My planned work awesomely. And by awesomely I mean that the plan for quick and merciless death went without a hitch, except for one tiny little miniature sized, nano at most, detail. The death that occurred wasn't my enemy's. It was mine. Turns out the bastard had the audacity to have Obelisk of Lights spread all over his 'effin base. As is turned out, Devil's Tongues are not even slightly a match against the might of Obelisk of Lights, especially when they dig out of the ground next to the 'effin thing.

And thus began my struggle to compete with a single AI enemy at the lowest of levels, in a game released over ten years ago.

I really, reee'ally suck at Command & Conquer: Tiberian Sun Firestorm. But I had to download it because it's free in every the sense of the word. And legal to download. Just visit commandandconquer.com and clicky clicky, waity waity.. You have to wait a little if you choose Tiberian Sun as it's hosted by fileplanet. I played it on Windows 7 and it's working flawlessly after I told Windows to run it in XP Mode.

I later realized what time it was and the fact that my son should be waking up so I saved the game, to continue my struggle another day. Made a cup of coffee and did a print screen to fuck around with in Adobe Photoshop.

Here's roughly how my base looked after the enemy had its way with me, and then letting it's retarded cousin Bob have his way with me too. Then filming it for youtube and linking the youtube video on digg.
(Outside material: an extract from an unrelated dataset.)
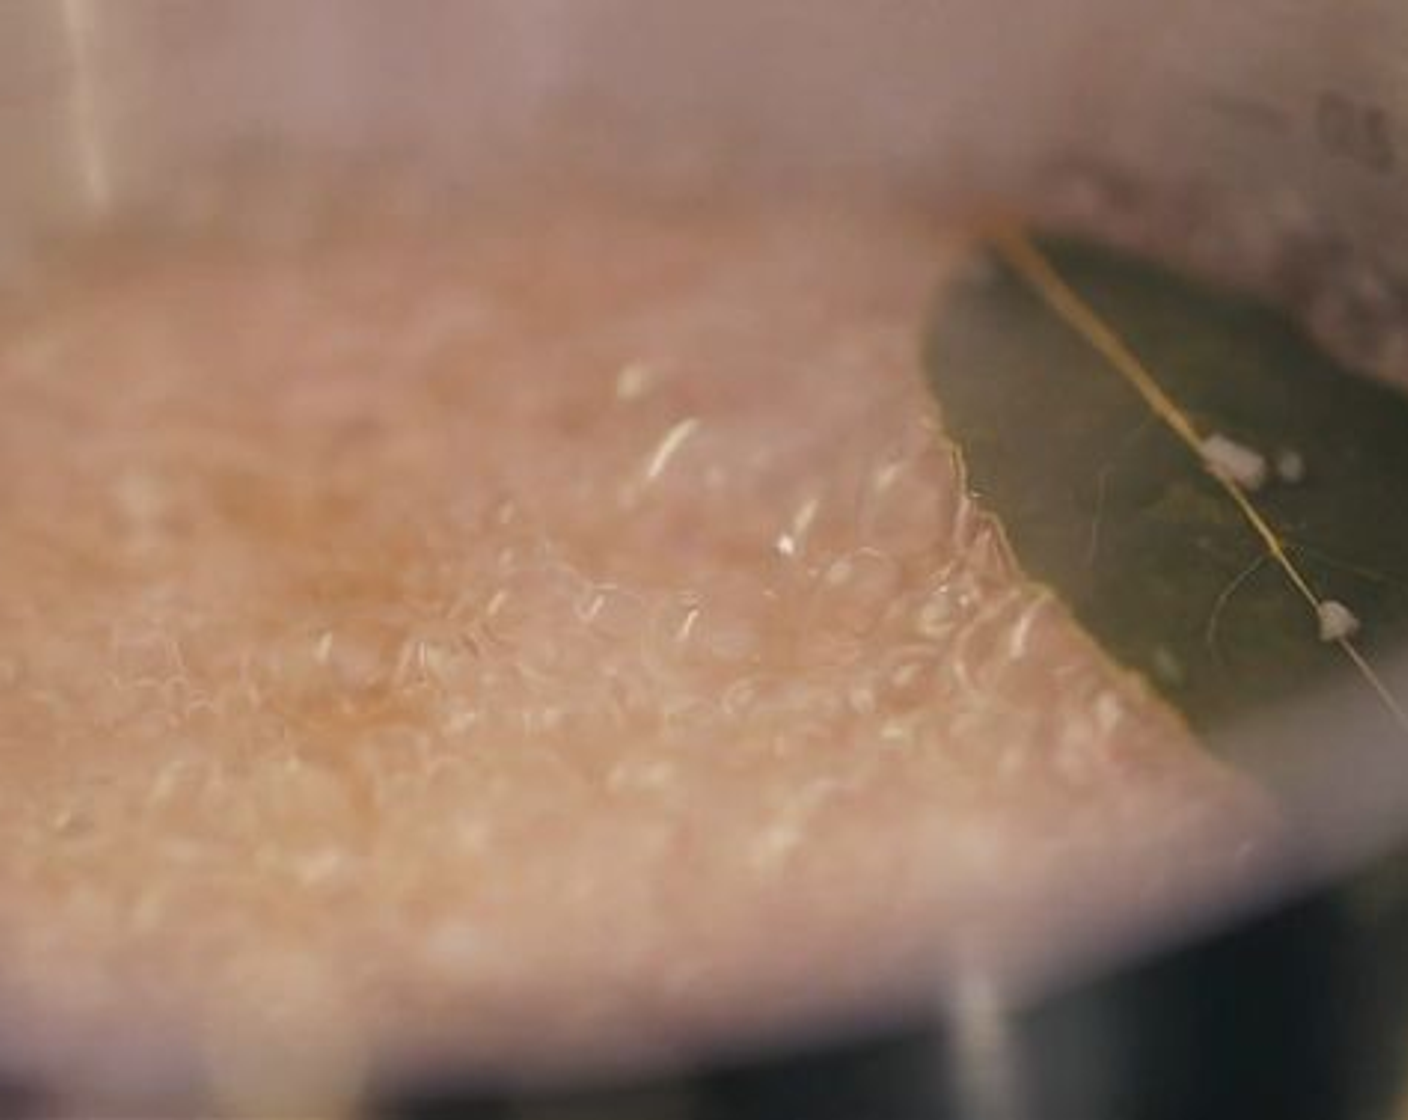 Schritt 7 Weissweinsauce: Schalotten (2) schälen und in kleine Würfel schneiden. Den Wein (200 ml) zusammen mit den Schalotten und dem Lorbeerblatt (1) in eine Pfanne geben und um die Hälfte einkochen lassen. Danach den Fond (400 ml) hinzufügen und alles zusammen auf ca. 300 ml einkochen. Zum Schluss die Butter (4 Esslöffel) zugeben, Lorbeerblatt entfernen mit Salz (wenig) und Pfeffer (wenig) würzen und mit einem Stabmixer pürieren.

As you can see I have no Refinery anymore, or a Hand of Nod. So yeah, I'm pretty fucked. But still hopeful. Moments after this I sold everything except my Base so that I could afford a Refinery, which I was able to do but only barely. Next time I have time to play I'll have to deal with the enemy in a different manner.

Friday 26 March 2010

Bikini Bitches!

Religion = LOL

Don't trust me, but you do wanna click the link.
I at least found it hilarious.. especially the drawing of a cactus.. with a hat.

Friday 19 March 2010

On todays menu: Drunk

I officially now going to try to NOT be hungover tomorrow. Well see how that works out, because well.. I've been lucky enough (honestly) to inherit my father appreciation for alcohol, and my mothers affliction for it.

A.k.a. I enjoy getting drunk on occasion, but suffer from an extreme hangover the following day.. alternatively the hangover kicks in at night, whilst I'm still drunk. Trust me, you really don't wanna experience my hangover. It's enough to make to strongest of men keel over. And my definition, I a not a very strong, so maybe you can imagine my suffering (self-induced so I shouldn't complain too much).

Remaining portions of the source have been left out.